Walaupun begitu, perempuan sebaya Dena itu ternyata juga sama-sama telah menikah, dan kini ia berstatus sebagai seorang janda beranak satu, yang anaknya kini sudah menginjak sekolah dasar.

Seusai acara meeting dengan para pemegang saham, jam sudah menunjukkan pukul makan siang. Para tamu yang berkunjung di kantor Dena itu berpamitan sambil menjabat tangan.

"Dena, apa kabar?" Tanya perempuan yang sudah menjadi teman akrab CEO muda itu.

Dena menjawab pertanyaan perempuan itu dengan senyum manisnya. Ia melihat perubahan wajah di temannya itu semakin hari menjadi semakin baik. Ia melihat bahwa semenjak perempuan itu menceritakan masa lalunya pada Dena, perempuan itu semakin hari menjadi semakin segar dan bersemangat.

Bahkan, perusahaan yang dipimpin oleh temannya Dena itu semakin hari justru semakin baik dan sehat. Sama persis seperti keadaan sosok CEO nya.

"Aku baik. Ku lihat kamu semakin hari juga semakin sehat. Kamu justru semakin bahagia, ya semenjak berpisah dengan mantan suamimu?" Jawab Dena sambil terus memamerkan senyum senangnya.

"Iya. Walaupun aku sebenarnya masih sangat mencintainya, namun aku tidak bisa tetap hidup bersamanya, bukan?
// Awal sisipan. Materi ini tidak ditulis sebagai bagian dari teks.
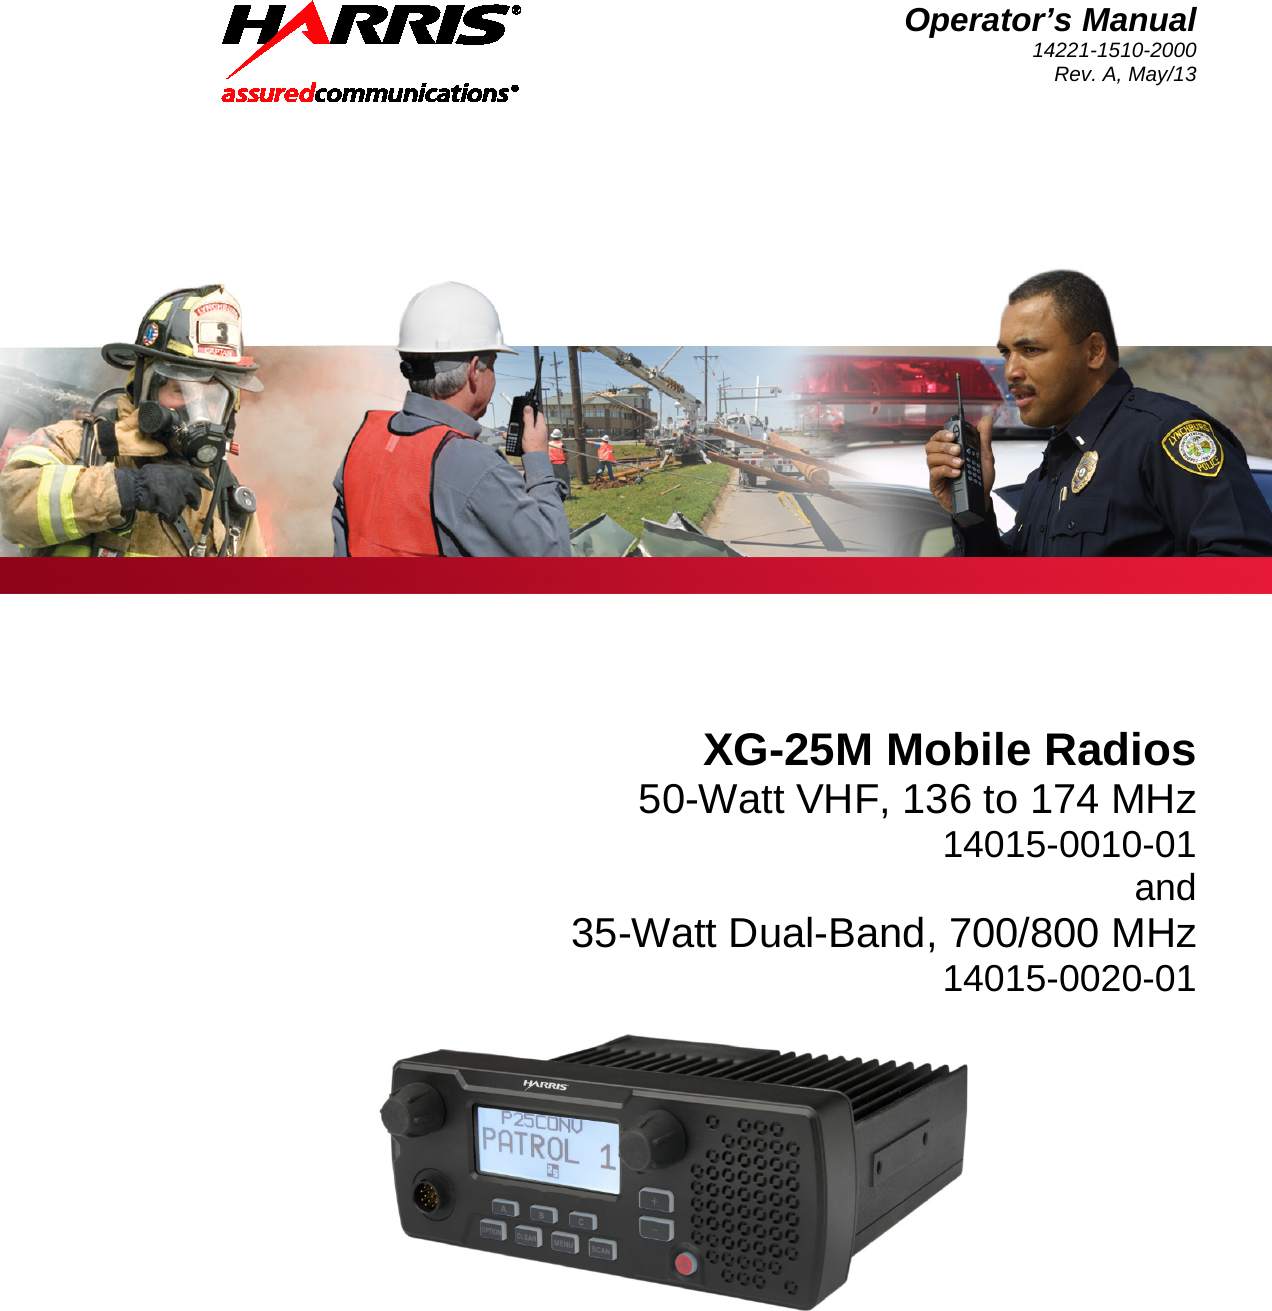 Operator’s Manual 14221-1510-2000 Rev. A, May/13   XG-25M Mobile Radios 50-Watt VHF, 136 to 174 MHz 14015-0010-01 and 35-Watt Dual-Band, 700/800 MHz 14015-0020-01

Apalagi dia bukanlah sosok suami dan ayah yang baik untuk ku dan anakku." Jawab temannya Dena yang dijawab dengan mata sendunya.

Perempuan berpakaian formal itu lantas langsung berubah sorot matanya. Ia lalu menggenggam tangan Dena yang sedari tadi menjabat tangannya, dan sorot matanya berubah menjadi penasaran ketika menatap mata Dena.

"Lalu bagaimana kabar Rino? Bukannya kamu cerita kalau hari ini dia pulang dari rumah sakit?" Tanya temannya Dena lagi.

Mendapat pertanyaan pribadi itu, Dena tersadar kalau mereka berdua masih berada di kantor. Dan sebaiknya obrolan seperti ini tidak dibicarakan di tempat kerja seperti ini.

"Sebaiknya kita jangan membicarakan hal itu di sini. Kita harus profesional. Bagaimana kalau kita bicarakan ini sambil mencari makan di luar?" Ajak Dena yang disambut anggukan senang oleh temannya itu.

---

Dena mengingat pembicaraan temannya Dena yang sebelas bulan yang lalu.

Dena melihat temannya itu menyetir mobilnya, di kaca spion depan mobil temannya itu terpajang foto polaroid yang menunjukkan gambar perempuan itu yang tersenyum senang sambil memeluk anak lelakinya yang berumur di bawah sepuluh tahun itu.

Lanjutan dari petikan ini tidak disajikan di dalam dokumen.